ですからねえ。明らかに「想定読者層」が「60歳以上のジジイ(しかも反中国デマ記事で分かるようにウヨのジジイ)」です。これらの記事を女性や若年男性が読みたがるわけがない(今回だけで十分だと思うので過去の号まで紹介しませんが過去も似たり寄ったりの『高齢者が対象の記事』です)。もはや「60歳以上の右翼ジジイ」が主要な購読層となった週刊現代も「大手・講談社発行」とはいえ「休刊の日」は近いのではないか。
 週刊現代の「反中国」「高齢者ターゲット」についてはウィキペディアにも以下の記述があります。

週刊現代 - Wikipedia
◆出樋一親編集長時代2004年7月 - 2006年2月
 フライデー編集長だった出樋一親が就任。自民党小泉改革に批判的。対北朝鮮強硬派の安倍晋三官房長官(後に首相)の北朝鮮関係者との関係を暴くなど、硬派なスクープ記事を掲載した。出樋は、その後再びフライデー編集長に就任する。

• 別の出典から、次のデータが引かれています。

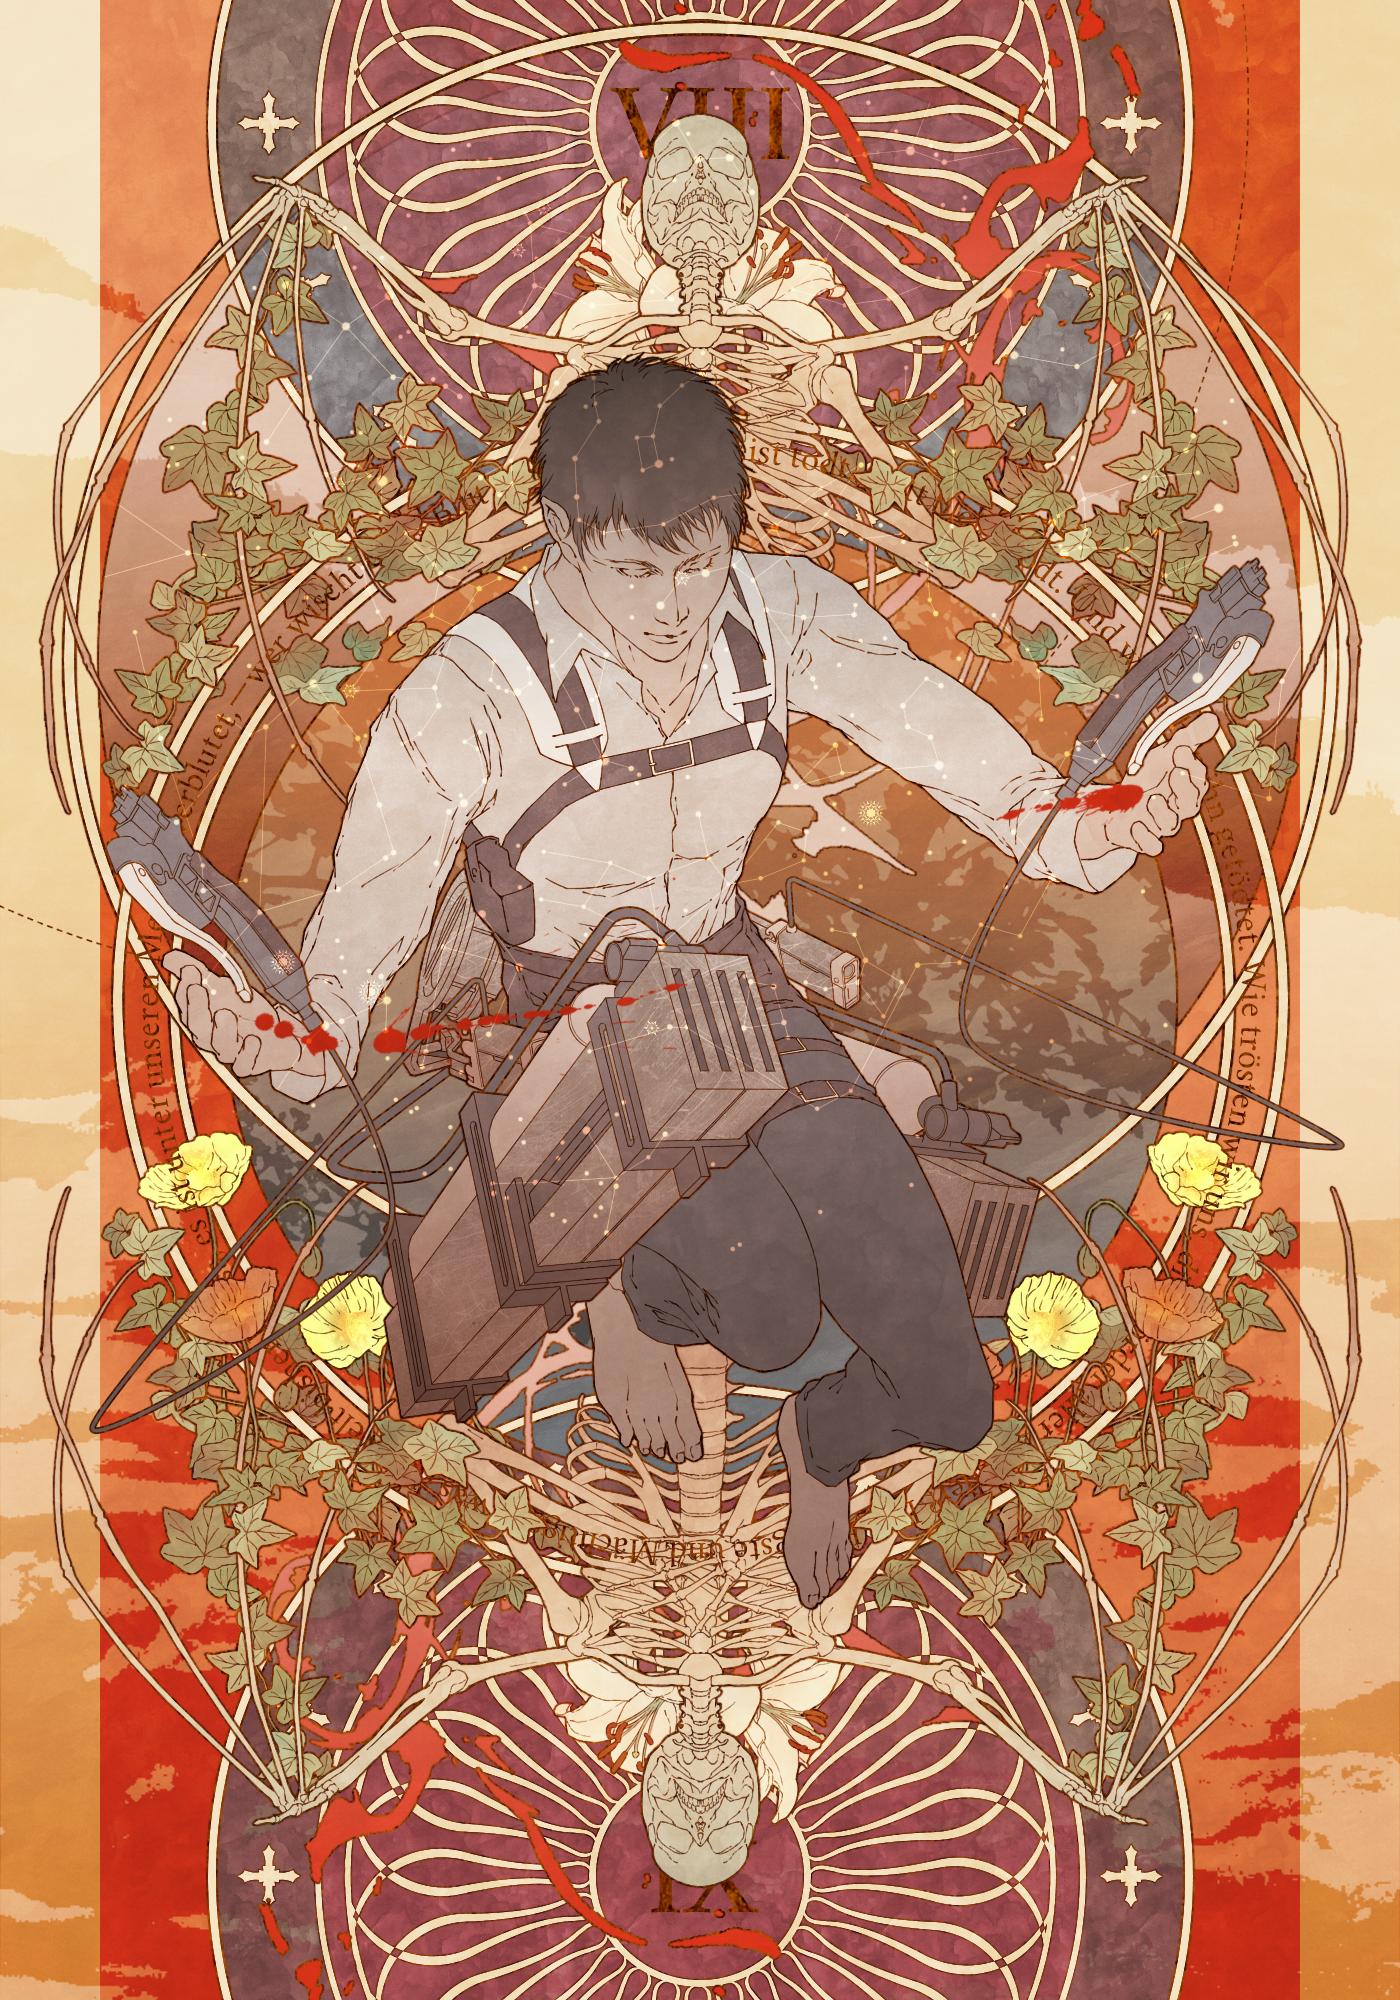 Bertholdt Fubar, Fanart | page 20 - Zerochan Anime Image Board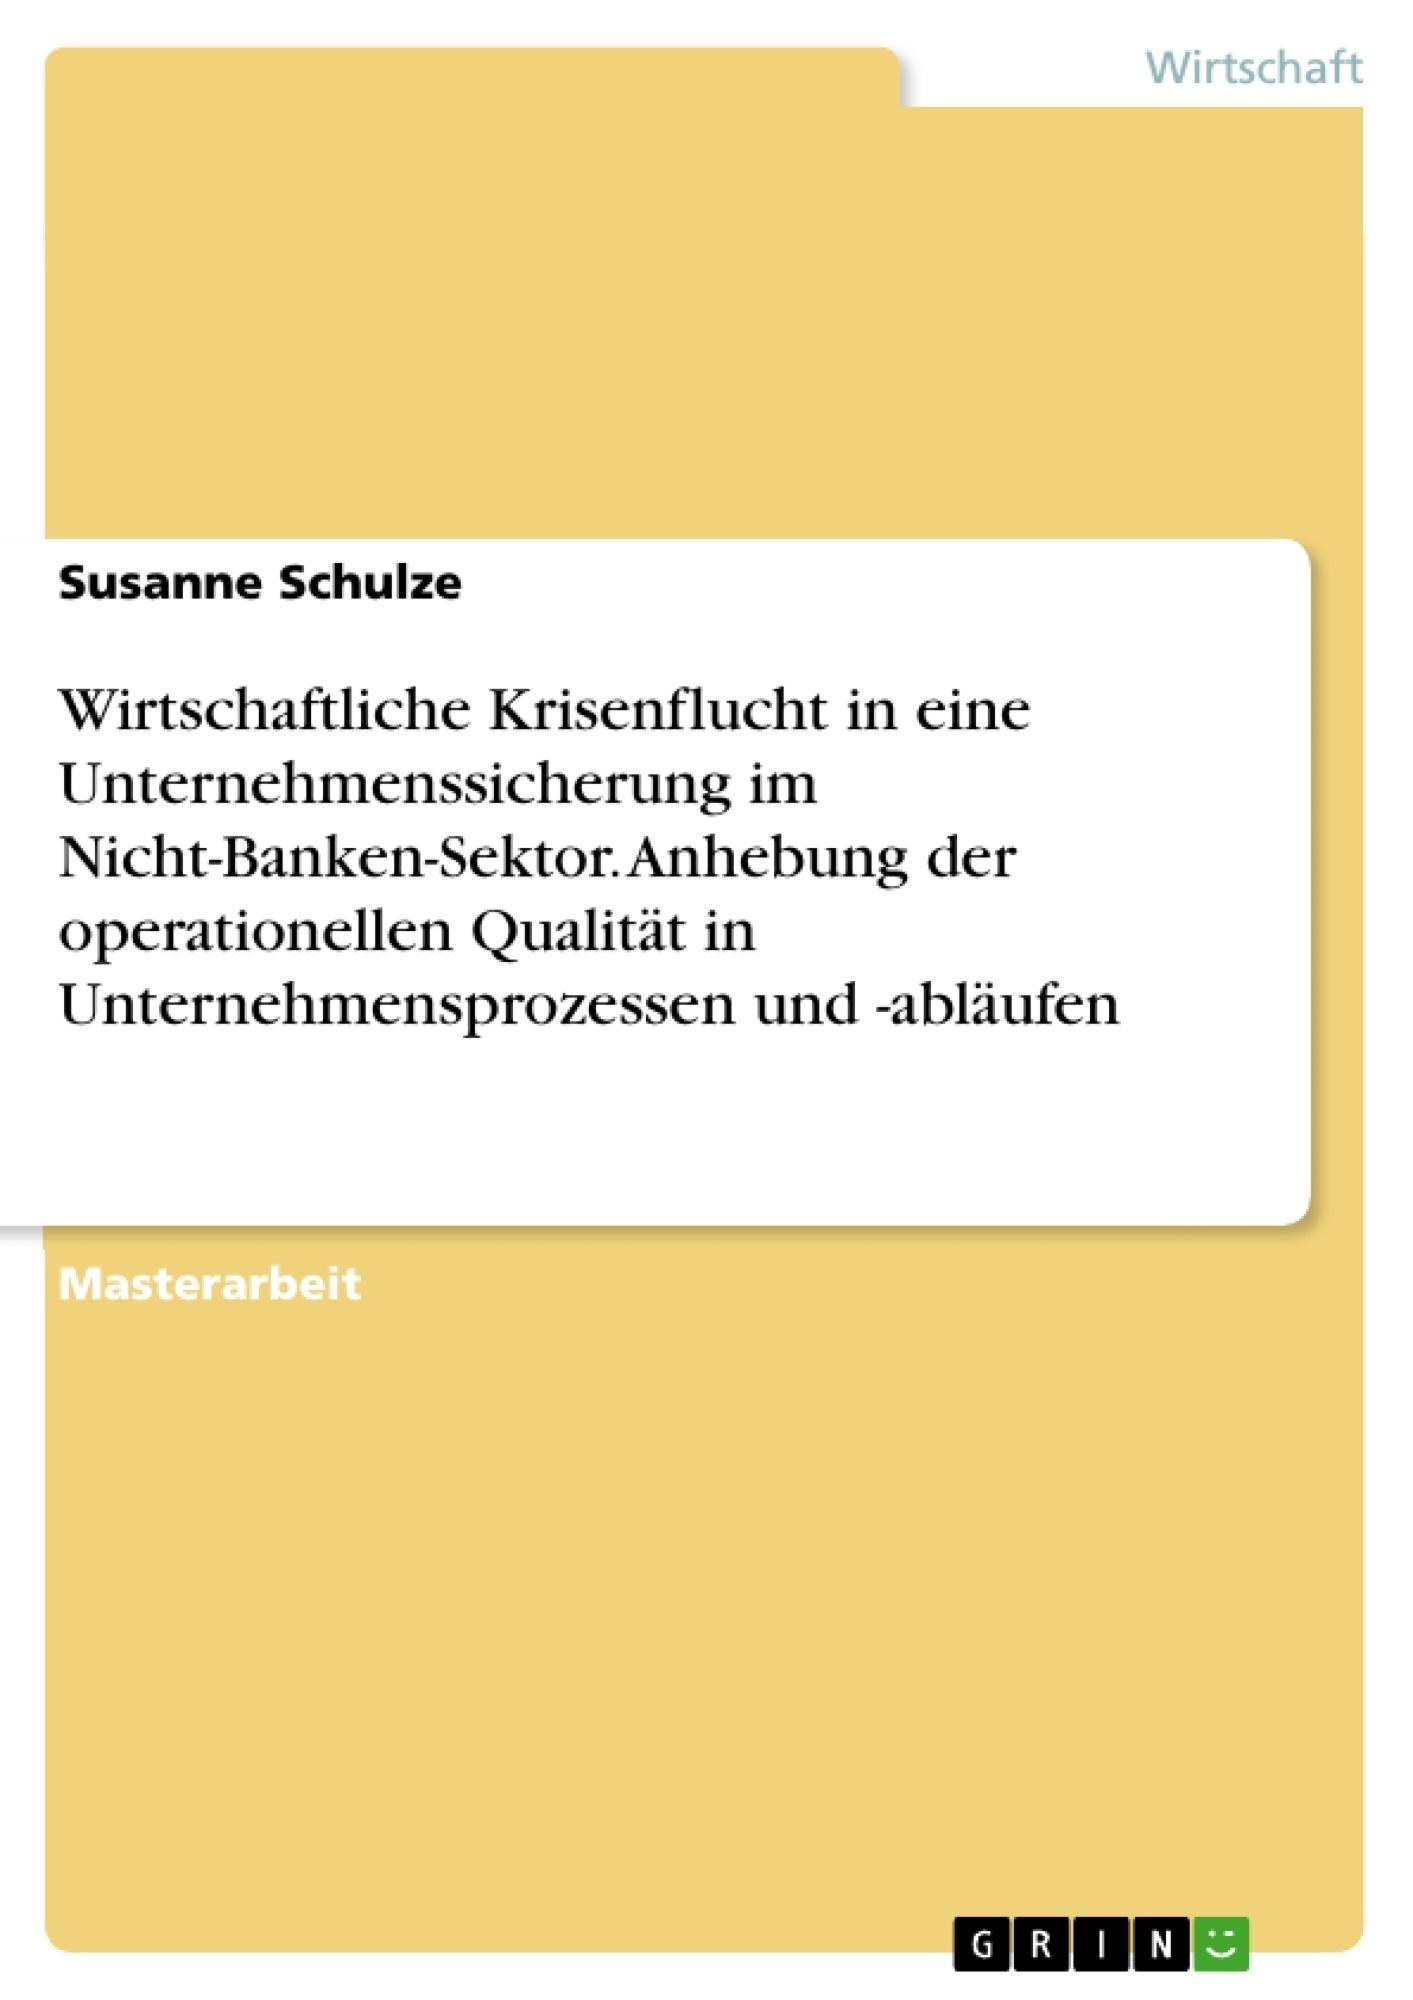 Titel: Wirtschaftliche Krisenflucht in eine Unternehmenssicherung im Nicht-Banken-Sektor. Anhebung der operationellen Qualität in Unternehmensprozessen und -abläufen

◆加藤晴之編集長時代2006年2月 - 2008年1月
 2006年に、保守派の加藤晴之が編集長に就任し、現代の論調は左寄り(あるいは野党寄り)から右寄り(あるいは与党・自民党寄り)に大きく変化した。2006年7月から13回にわたって発売分より、「テロリストに乗っ取られたJR東日本の真実」と題して、JR東日本労働組合の一つである東日本旅客鉄道労働組合JR東労組)が、革マル派支配下にあると報じた。JR総連JR東労組らは、事実無根として週刊現代とライターの西岡研介*11名誉毀損で提訴し、JR東日本は中吊り広告の契約を解除した。2009年10月26日の東京地裁では「労組を私物化しているとの記述に真実と信じる理由がない」として、JR東労組松崎明・元委員長の訴えを認め、名誉毀損の損害賠償として500万円の支払いを命じた。2012年3月27日、最高裁は上告を棄却し、名誉棄損の成立を認めて講談社などに770万円の賠償を命じた週刊現代側敗訴の判決が確定した。
(中略)
藤田康雄編集長時代2012年6月 - 2013年11月
 日本維新の会結成と前後して維新代表の橋下徹や維新を賞賛する記事が多くなる。同年末の衆議院議員総選挙自民党が圧勝してからは第2次安倍内閣アベノミクスへの賞賛記事も多くなった。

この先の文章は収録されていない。